## Data excerpt
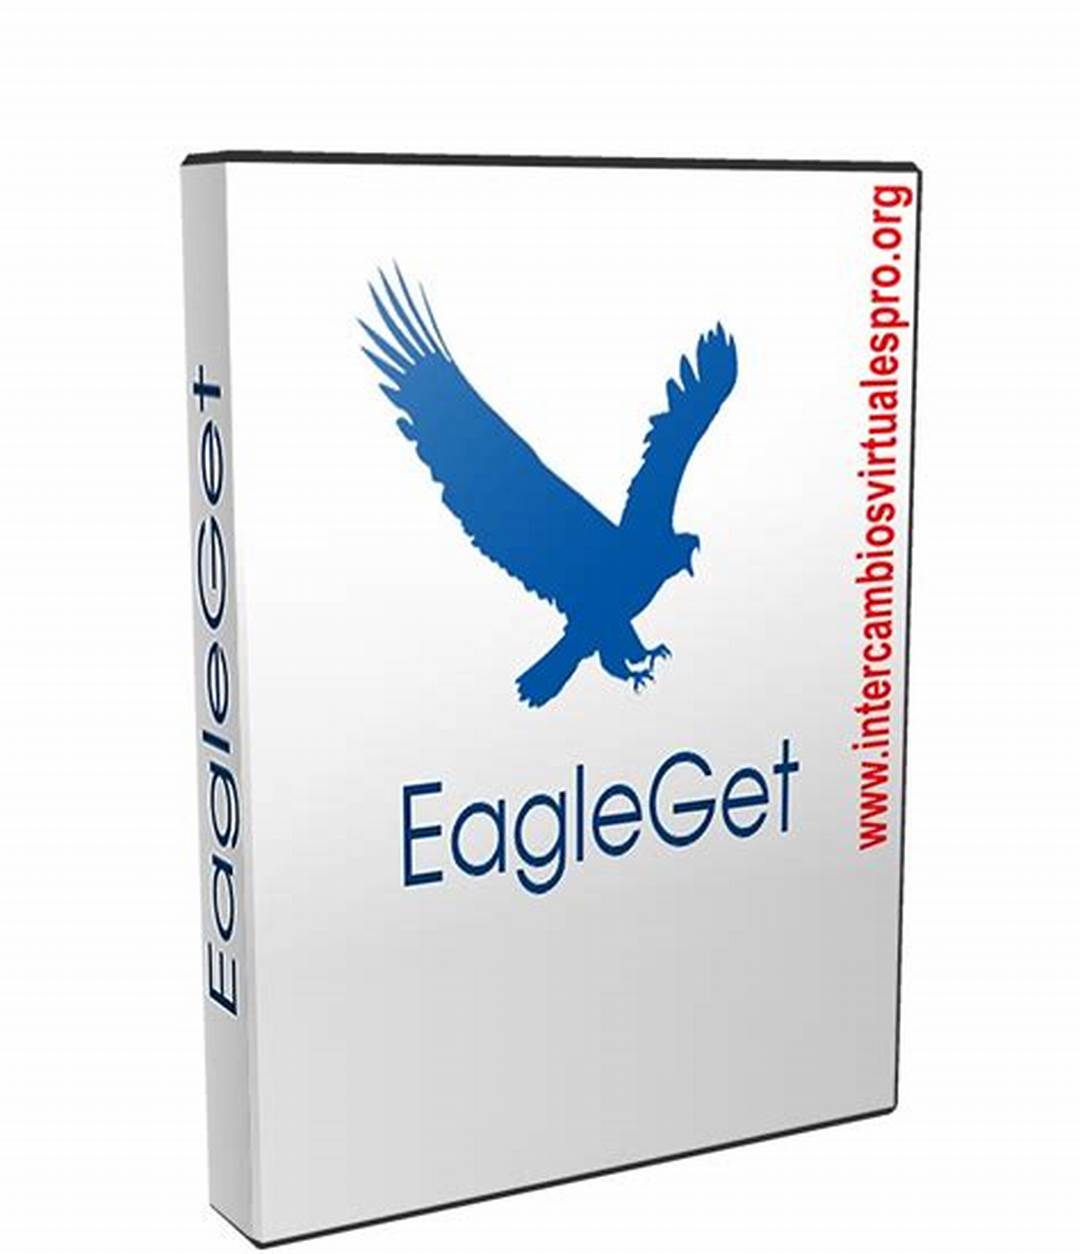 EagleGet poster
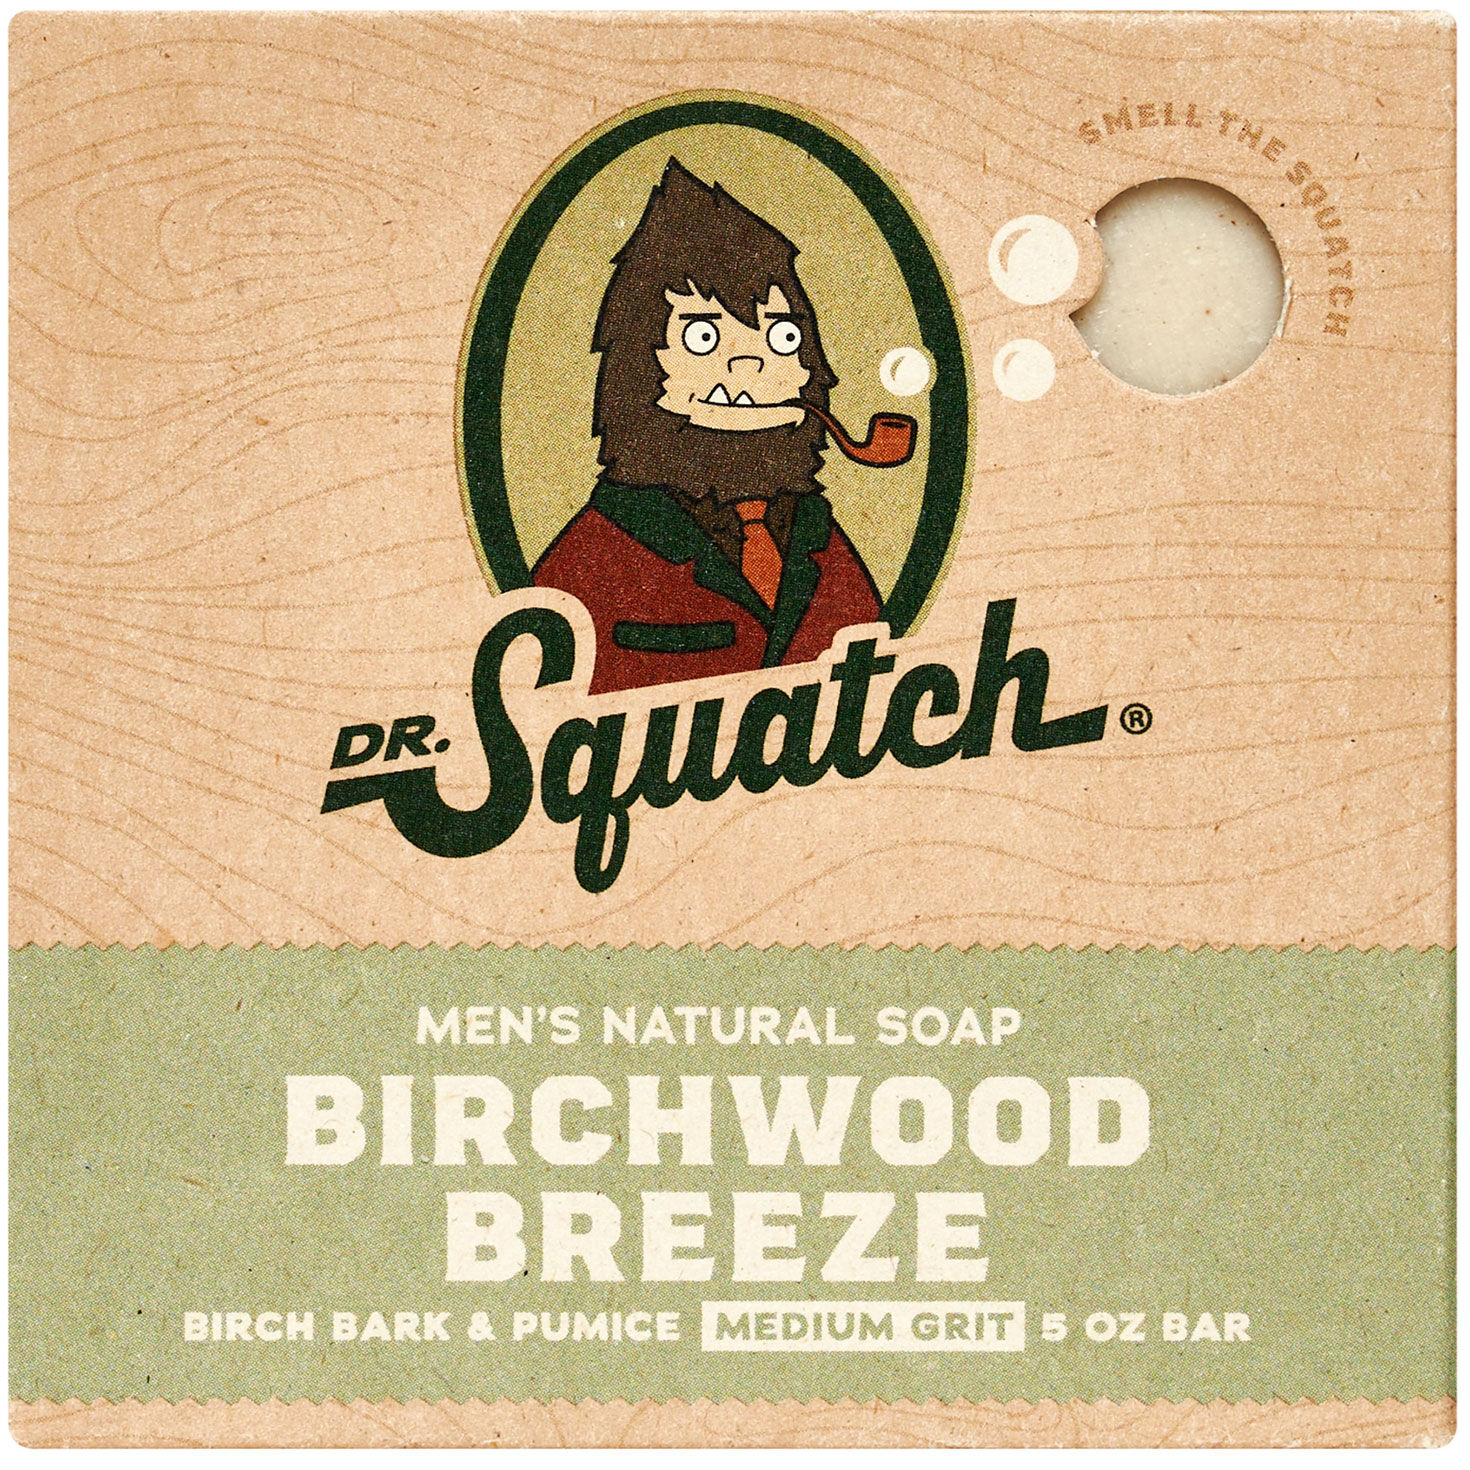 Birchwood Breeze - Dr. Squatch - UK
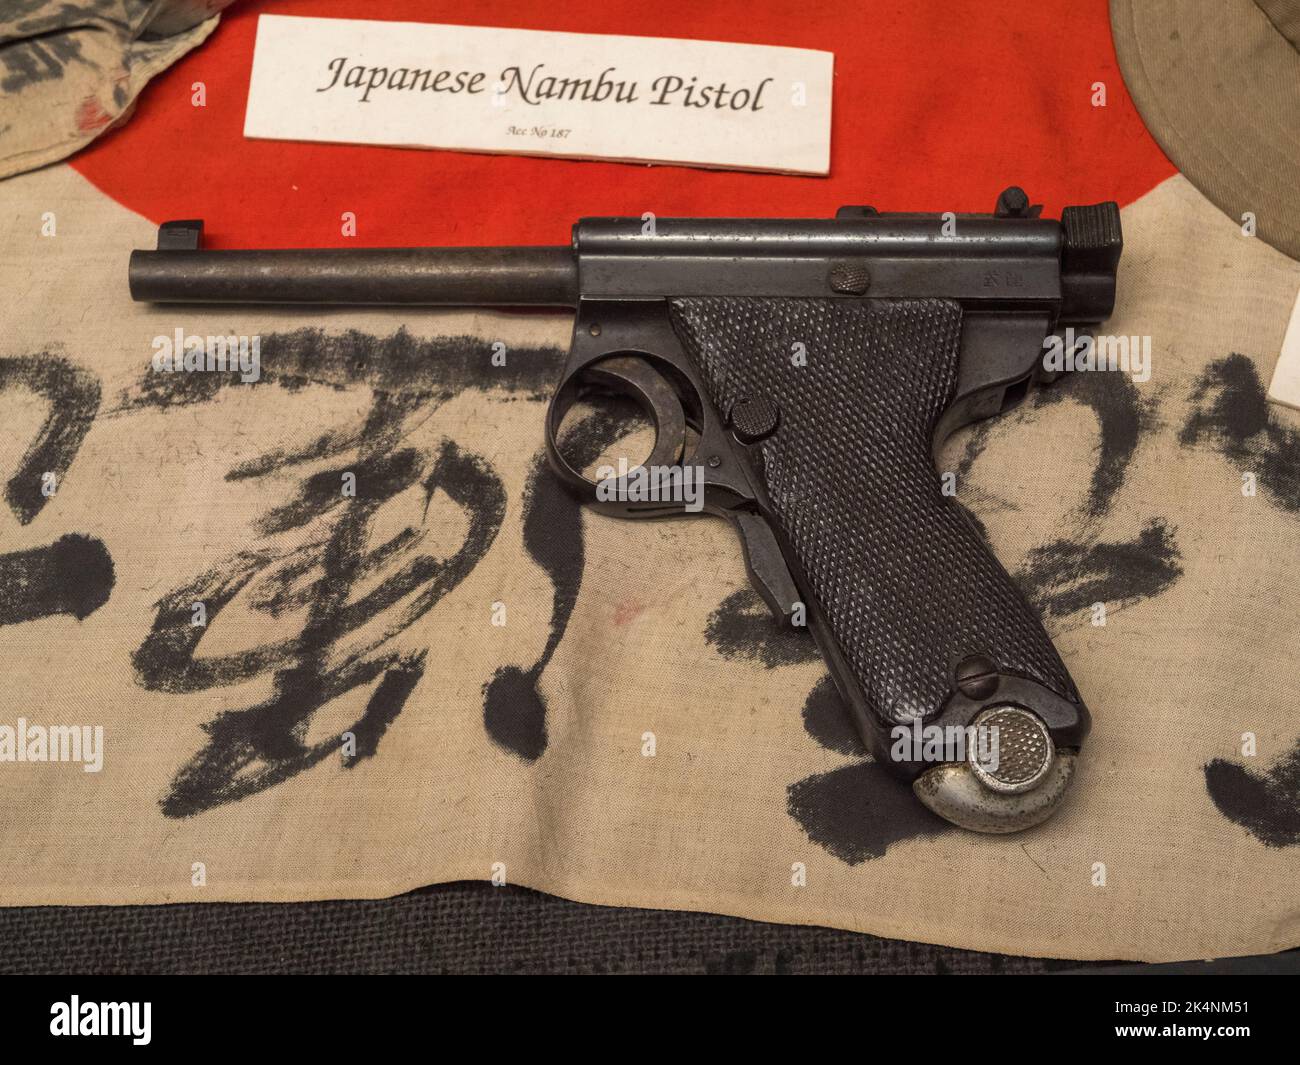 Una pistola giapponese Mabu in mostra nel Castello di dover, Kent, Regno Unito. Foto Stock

## Exercise instructions
Would you reproduce the listing above exactly, without any of its images?

## Worked solution
 EagleGet poster
 Birchwood Breeze - Dr. Squatch - UK
 Una pistola giapponese Mabu in mostra nel Castello di dover, Kent, Regno Unito. Foto Stock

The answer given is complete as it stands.